**The data**
====================

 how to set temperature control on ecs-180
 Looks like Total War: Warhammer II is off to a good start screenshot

====================

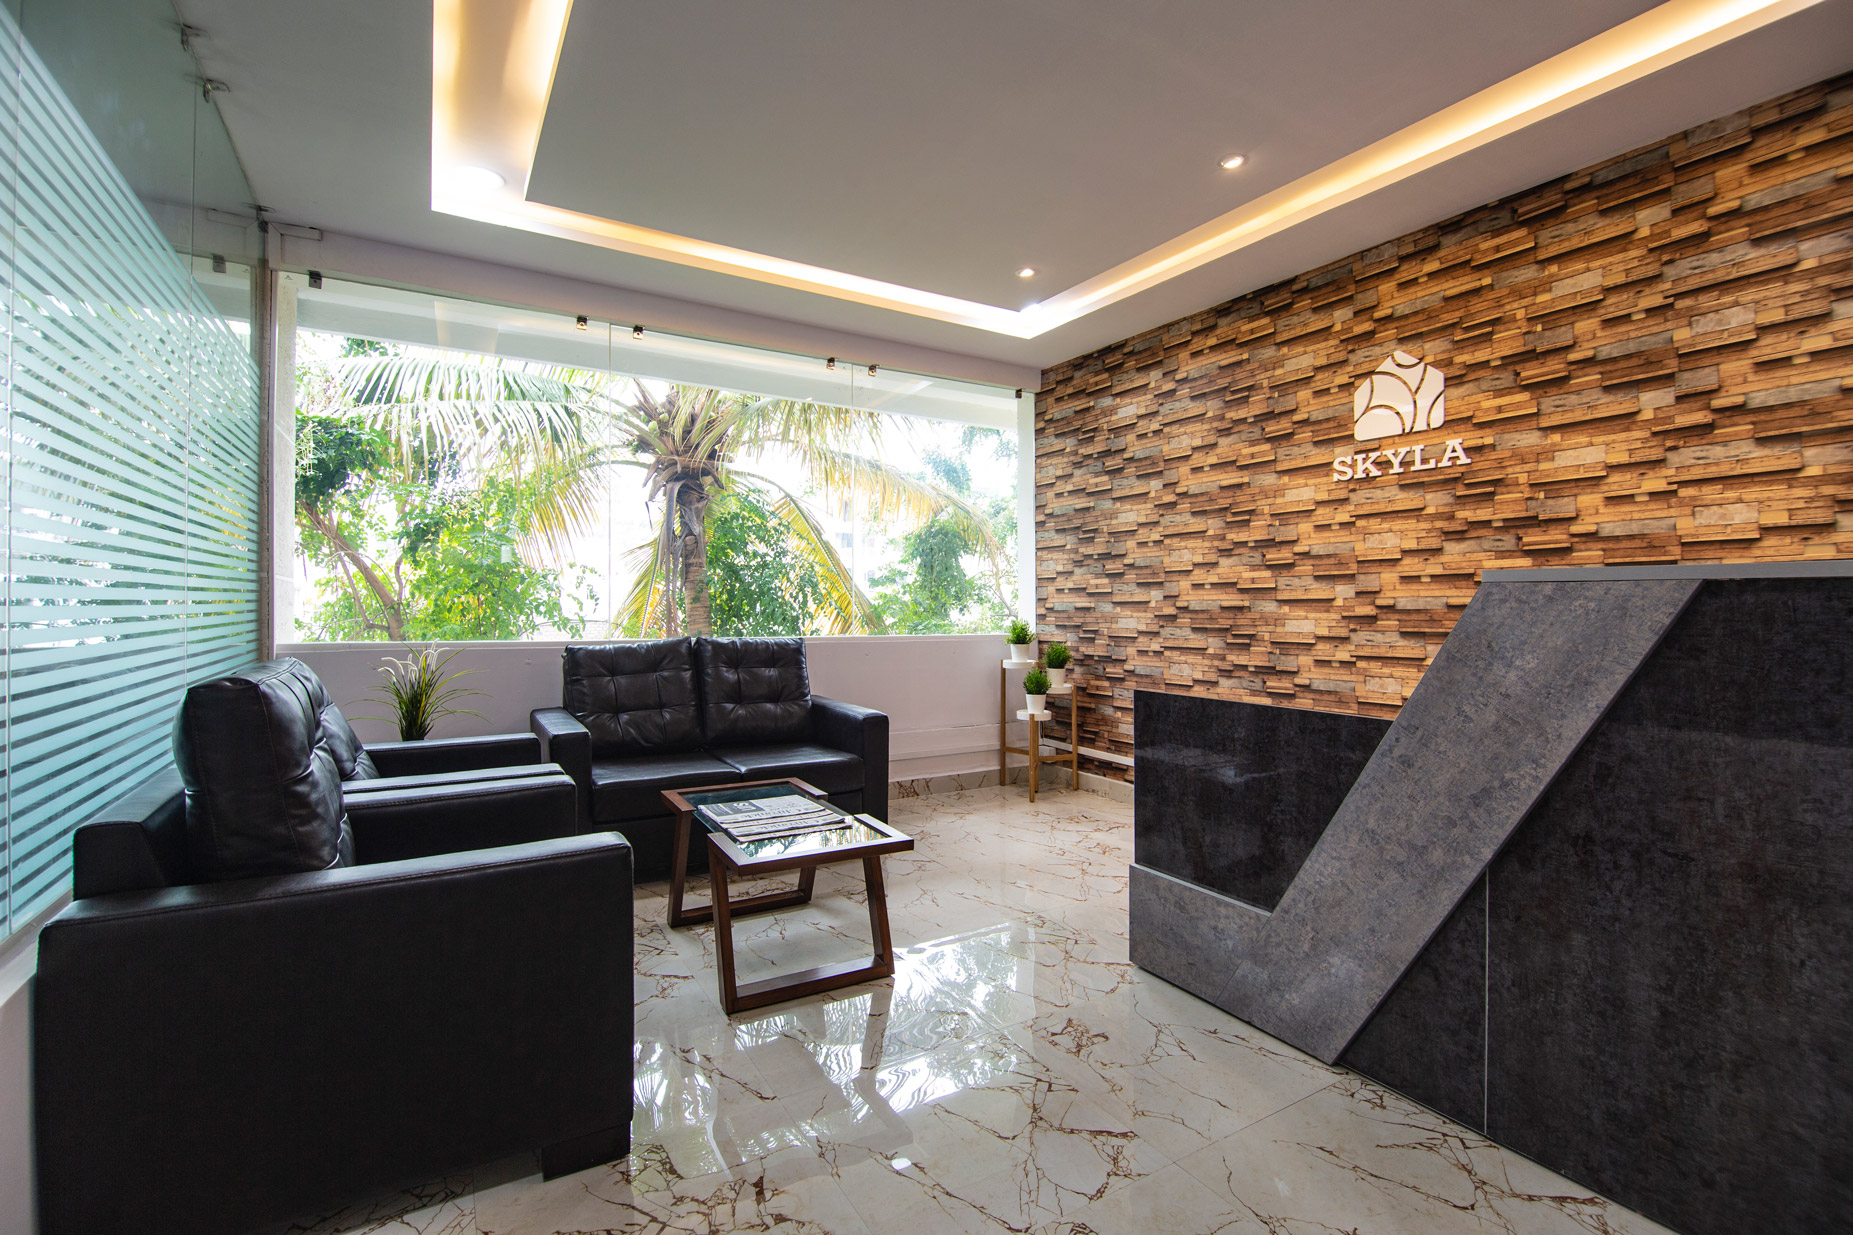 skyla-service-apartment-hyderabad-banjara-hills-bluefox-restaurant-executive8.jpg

====================

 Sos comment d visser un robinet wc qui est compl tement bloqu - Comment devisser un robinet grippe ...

====================

**To do**
Within the listing above, extract exactly the lines from the line with "how to set temperature control on ecs-180" to the line with "Looks like Total", the two named lines included, and no others.

**Response below**
 how to set temperature control on ecs-180
 Looks like Total War: Warhammer II is off to a good start screenshot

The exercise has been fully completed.